Sejak 1995 hingga 2004, boleh dibilang semua pengobatan alternatif yang pernah dilihat di televisi pernah dicoba, ibunda Dhana tetap harus cuci darah. Dhana bahkan sampai mengorbankan kuliahnya jika harus menemani ibunya untuk berobat.
"Kuliah tidak masuk, saya tidak peduli. Saya lebih baik drop out daripada harus meninggalkan ibu saya. Itu yang saya yakini. Boleh dibilang saya tidak pernah belajar meski saat ujian. Bukan karena sombong, tapi memang tidak sempat. Saya sadar risikonya dan juga siap menanggungnya.
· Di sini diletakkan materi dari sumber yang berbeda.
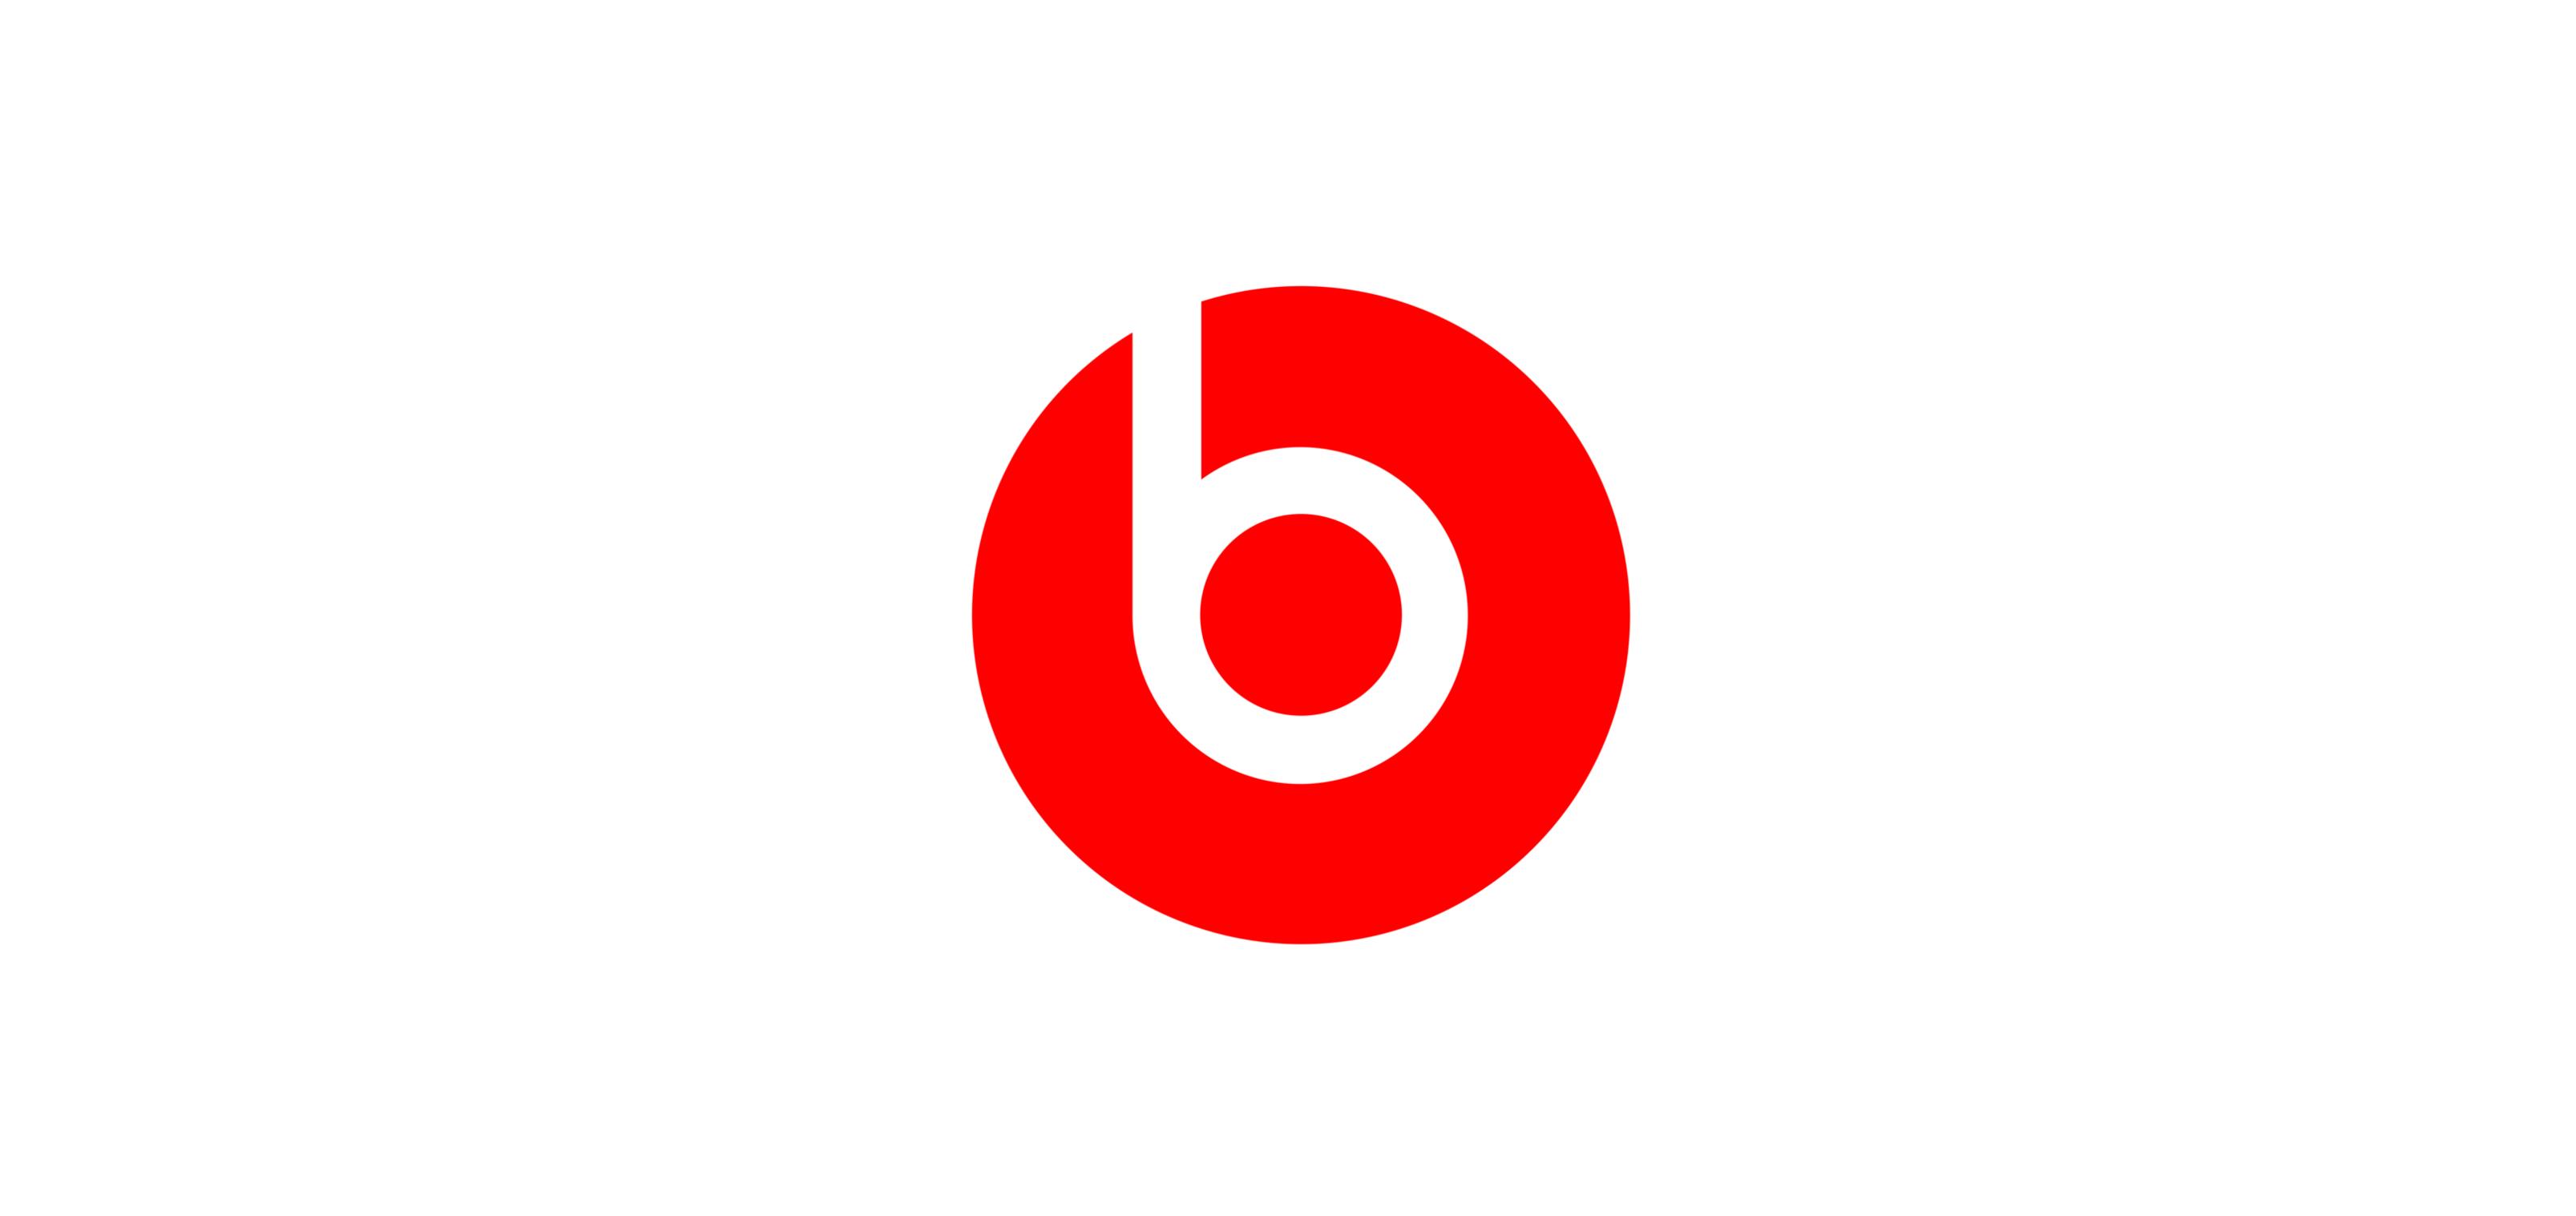 【 Beats Updater 】Beats のワイヤレスデバイスを管理。アップデートや名前の変更はここでする。

Tidak pernah ada konflik batin ketika memutuskan itu. Prioritas saya untuk Ibu. Saya tidak pernah sedikitpun khawatir, bagaimana masa depan saya, bagaimana kalau tidak lulus atau drop out. Terserah deh, hidup saya mau dibawa ke mana. Saya ikut saja. Saya hanya berpikir bagaimana ibu bisa nyaman, bisa tertolong dari kondisi ini," jelasnya.
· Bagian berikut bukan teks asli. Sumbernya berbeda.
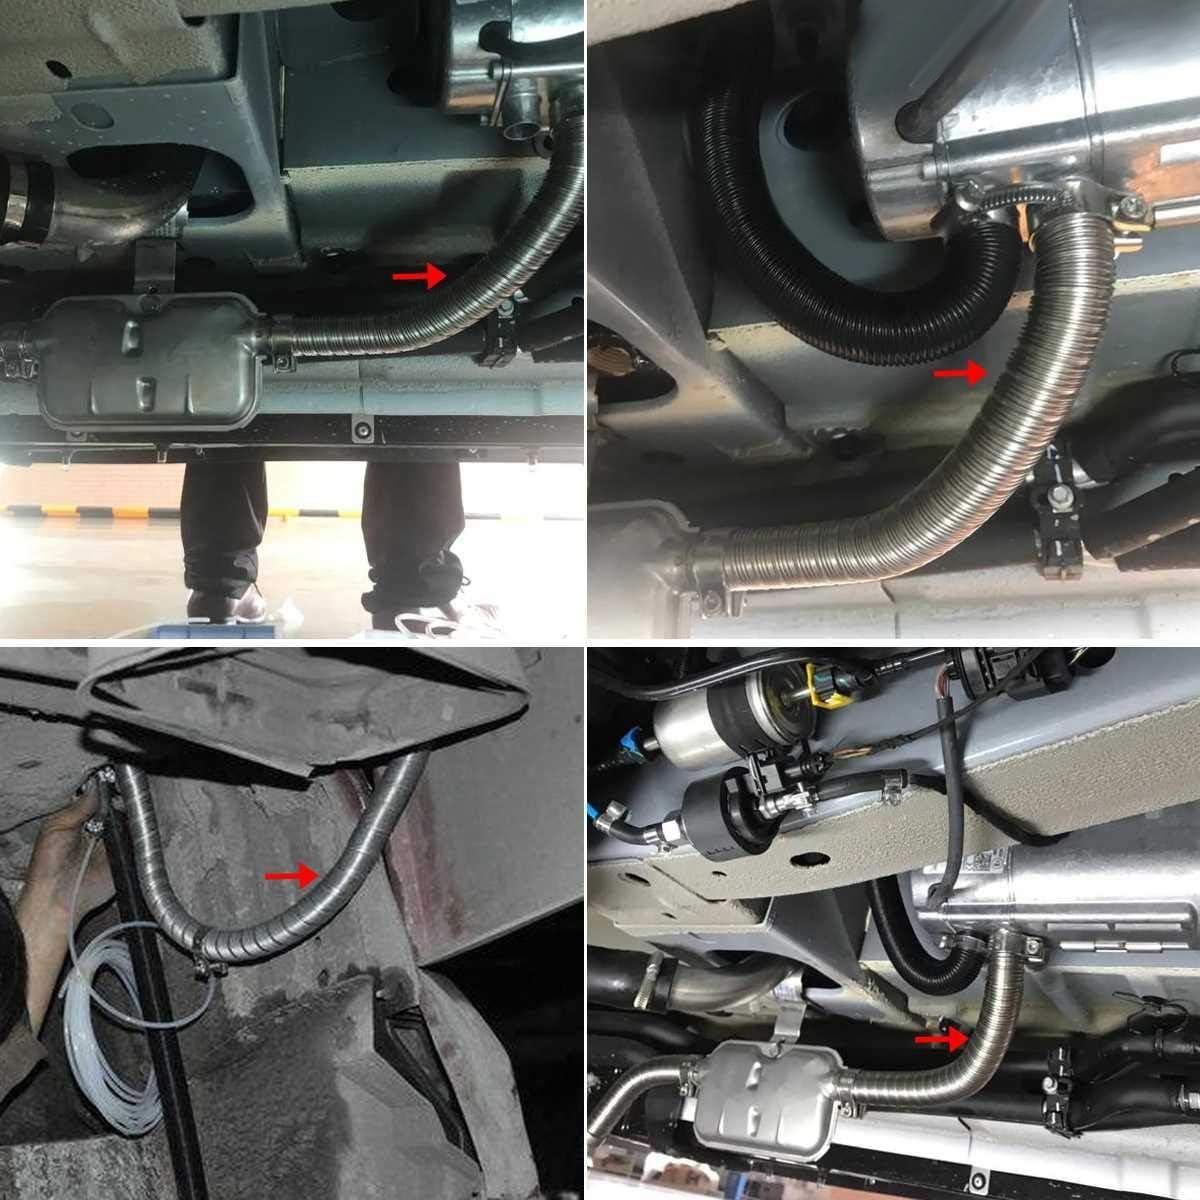 Semoic 200Cm Auto Luft Standheizung Auspuff Rohr mit 2 Schellen Kraftstofftank Auspuffrohr Schlauch f/ür Roh ?L Heizung

Selain itu, Dhana memutuskan tidak peduli masa depan asalkan ibunya bisa mendapatkan perawatan, obat dan segala yang terbaik, akhirnya bukan hanya mampu menyelesaikan sekolahnya hingga pasca sarjana, namun juga dalam kondisi yang sangat baik di pekerjaan maupun bisnis keluarga yang dikelolanya.
Pasca kuliah, Dhana secara tak terduga berhasil dalam menjalankan sebagian bisnisnya. Namun dia tetap menemani ibunya untuk cuci darah dalam rangka perawatan penyakitnya. Rekan bisnis Dhana banyak yang bersimpati dan mempermudah hubungan bisnisnya.
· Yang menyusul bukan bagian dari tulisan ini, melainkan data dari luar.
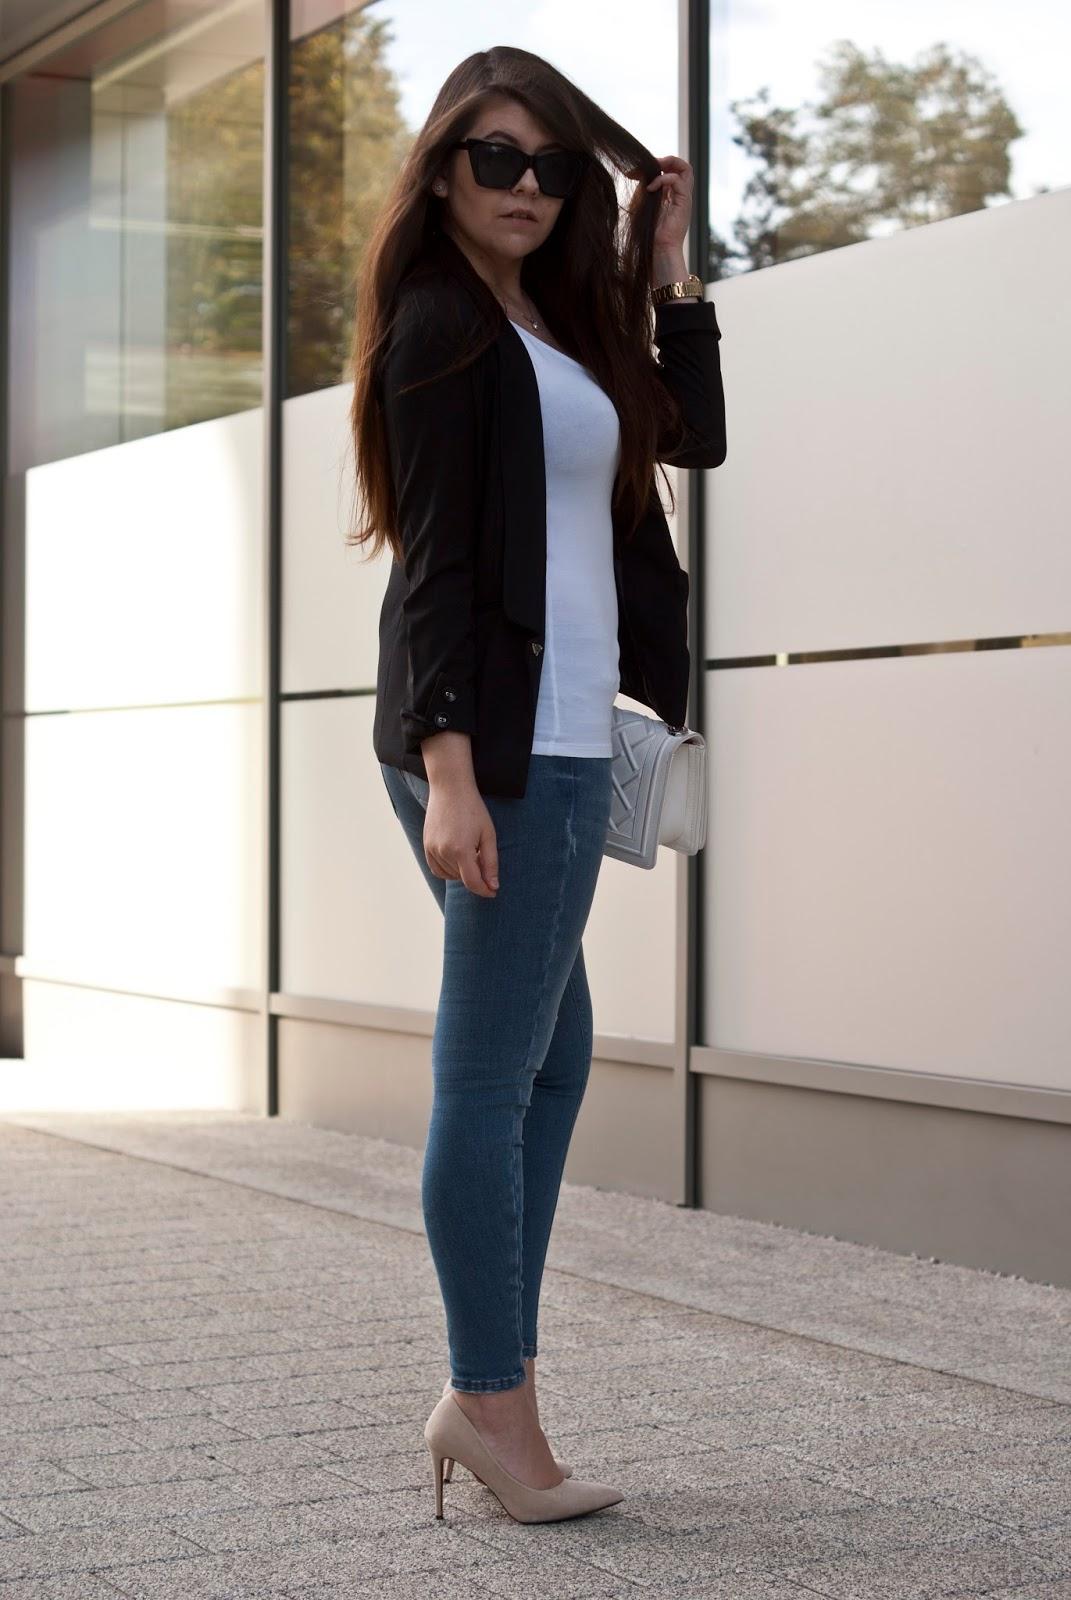 Zara Jeans Black Blazer - Feather - Mój sposób na modę

Keseriusan Dhana menyesuaikan aktivitasnya dengan kondisi ibunya tidak berarti ia tidak sempat ke mana-mana. Ke luar kota, bahkan ke luar negeri masih dilakukannya meski dengan berbagai persiapan ekstra. Jauh hari sebelum keberangkatan, ia berusaha maksimal agar kondisi ibunya prima selama hari-hari kepergiannya.
Kesetiaan Dhana pada ibunya bahkan digambarkan dengan kejadian saat ibunya terbaring sakit dan harus membuang air besar. Dhana rela menadahkan tangannya untuk menampung kotoran milik ibunya.
"Saya biasa lihat kotoran Ibu. Dari baunya segala macam, saya bisa tahu apa makanan yang dimakannya. Warnanya kalau begini gimana, kalau ada darahnya berarti ambien ibu sedang sedang kumat. Jadi, sekaligus memantau. Saya bilang ke pembantu, nggak apa-apa kamu jijik, itu memang bukan pekerjaan kamu, biar saya saja," ujarnya.
Dhana juga mendukung sepenuhnya, dan menyediakan sarana maksimal ketika Ibunya berniat kuliah di sebuah universitas Islam untuk memperdalam agama. Bahan menyediakan mobil dan sopir untuk antar jemput.
Menghabiskan belasan tahun mengabdi pada iIbu bukan berarti Dhana telah puas membahagiakan perempuan yang melahirkannya itu. Saat itu ia merasa masih ada keinginan ibu yang belum bisa dipenuhinya, yaitu mendapatkan cucu dari Dhana yang telah menikah namun belum dikaruniai momongan.
Seperti diketahui Dhana mulai bekerja di Ditjen Pajak pada tahun 1996. Karirnya berkembang terus. Pada 2011, berdasarkan Surat Keputusan (SK) Direktur Jenderal Pajak (Dirjen Pajak) Dhana Widyatmika menjabat sebagai Account Representative pada Kantor Pelayanan Pajak Penanaman Modal Asing Enam.
Kemudian, berdasarkan keputusan Direktur Jenderal Pajak (Dirjen Pajak) nomor Kep-1439/PJ.01/UP.53/2011 yang dikeluarkan pada 12 Juli 2011, Dhana Widyatmika dipindahkan dari Kantor Pelayanan Pajak Penanaman Modal Asing Enam ke Kantor Pelayanan Pajak Wajib Pajak Besar Dua.
Direktur Penyuluhan Pelayanan dan Humas Ditjen Pajak Dedi Rudaedi mengatakan Dhana tidak lagi menjadi PNS Ditjen Pajak sejak 12 Januari 2012. "DW sendiri sudah bukan pegawai kami (Ditjen Pajak), dia pindah ke Pemda DKI namun masih bekerja di bidang perpajakan yakni Dispenda DKI Jakarta," ujarnya.